Good morning. It is my pleasure to be able to welcome you all to the harbour city and represent the Albanese Government here today, which has a proud track record when it comes to innovation in building our space capabilities.

I’d like to begin by acknowledging the traditional owners of the land the Gadigal peoples of the Eora Nation on which we meet today and pay my respects to their Elders, past, present. 

To the Eora peoples - the stars were in their dreaming stories the home of their ancestral beings guided their laws and traditions and they were indispensable to their daily lives as calendars for the prediction of seasons and weather. 

I also extend a special welcome to dignitaries, experts and industry leaders from India, Japan and the United States.

Many of the nations and industry groups represented here today work with Australia in space defence technology, research and innovation. 

We’ve done this recently with the Quad nations, by collaborating on ways to share satellite data on climate change, enhancing disaster preparedness, and to better manage extreme weather events within the Indo-Pacific region.    

You are all part of a great human endeavour the greatest human adventure – Space - its exploration and our quest to reach out into it and our striving to understand its deepest mysteries. 

It is an endeavour that fires our human imagination.

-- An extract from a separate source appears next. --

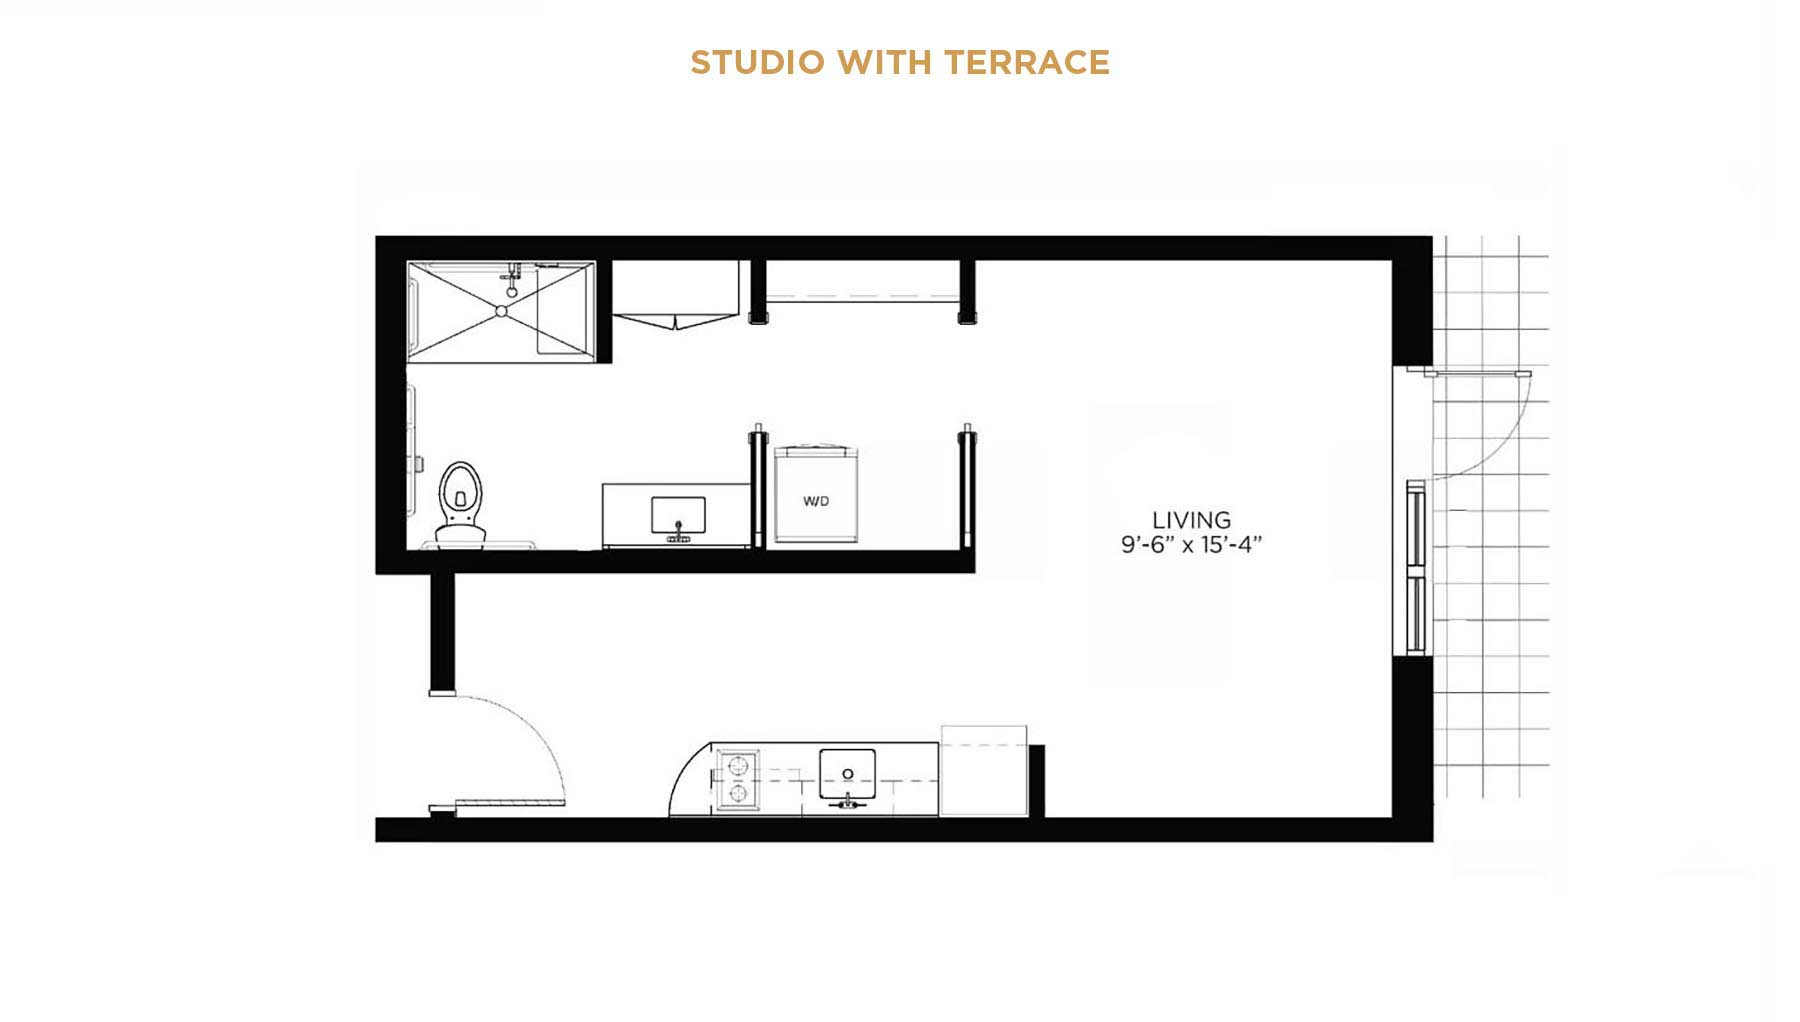 studio floorplan with terrace

Space holds a deep abiding mystery for humanity - we have looked up to the stars throughout human history, young and old alike, and have asked the same questions:

What is out there? Are we alone? 

Hoping these questions may bring us a little closer to the meaning of our earthly lives - to our purpose in the universe. 

So it has held for us great fear - but also a great source and well spring of inspiration. 

Our endeavour to reach the stars has been one that has been marked by sacrifice, but also by human triumphs felt by the entire world such as when the first human stepped on the moon 57 years ago. 

The stars eternal as they are look somewhat different to us today - we see space through the lens of our time - a time of great strategic competition, which offers both opportunity and significant challenges, and we are witnessing a new space race, driven by a combination of government and innovative private industry. That competition drives us forward and the pace of this technological change is impacting defence forces around the world... and no country is immune.

We live in a time where protecting peace means deterrence, and there is no greater investment in peace than our investment in boosting our capabilities here in Australia.   

As I have always said; our investment in defence is an investment in peace.

And our Government is protecting peace in our region by preparing our Defence Force for an increasingly complex and unpredictable geopolitical environment. 

We are doing this through the largest increase in defence spending since the end of the Second World War, investing an additional $70 billion over the decade.[1] 

And we are rapidly evolving our Australian Defence Force to be an integrated, focused force that will be positioned to safeguard Australia’s security and contribute to regional peace and prosperity. 

We are also investing in space, where technology is rapidly becoming indispensable to our daily lives.

But it is also increasingly fundamental to our defence - from communications, navigation and targeting, to climate monitoring and responses to disasters.

A shared scientific understanding of how best to engage with this new frontier is built most effectively through collaboration with our international partners.

This will help us to advance carefully and wisely, to explore and harness space in sustainable ways while protecting our life here on Earth.

But like many aspects of geo-politics today, space itself has never been more contested, and combatting threats in this domain will only be achieved through team effort.[2] 

Which is why I’d like to give a special mention of the vital role of industry. 

We must all play a role in ensuring space remains a domain of innovation, sustainability, and shared prosperity and security.

And Australia is positioned to bring expertise to this mission.

We have a proud culture of innovation in this country. 

Australia has been an integral part of deep space missions with NASA. 

In 1957, we established Woomera facility. In 1962 Parkes supported Mariner 2, and of course we played a vital and famous role in the Apollo 11 mission - our location radio environment for receiving signals put Parkes and Honey Suckle Creek on the international stage.  

Neil Armstrong’s words on the Moon were first heard here in Australia and the vision of that famous step was first seen here in Australia. 

In 1967, Australia became just the fourth country in the world to build and launch a satellite into orbit.[3]

Today, we continue to reach for the stars. 

Within Defence, close partnerships with industry and academia have produced a CubeSat nanosatellite, launched into low Earth orbit earlier this year as part of the Buccaneer Main Mission.[4]

These partnerships have also enabled us to test new types of satellite communications systems using both laser light and radio-frequencies for data transfer.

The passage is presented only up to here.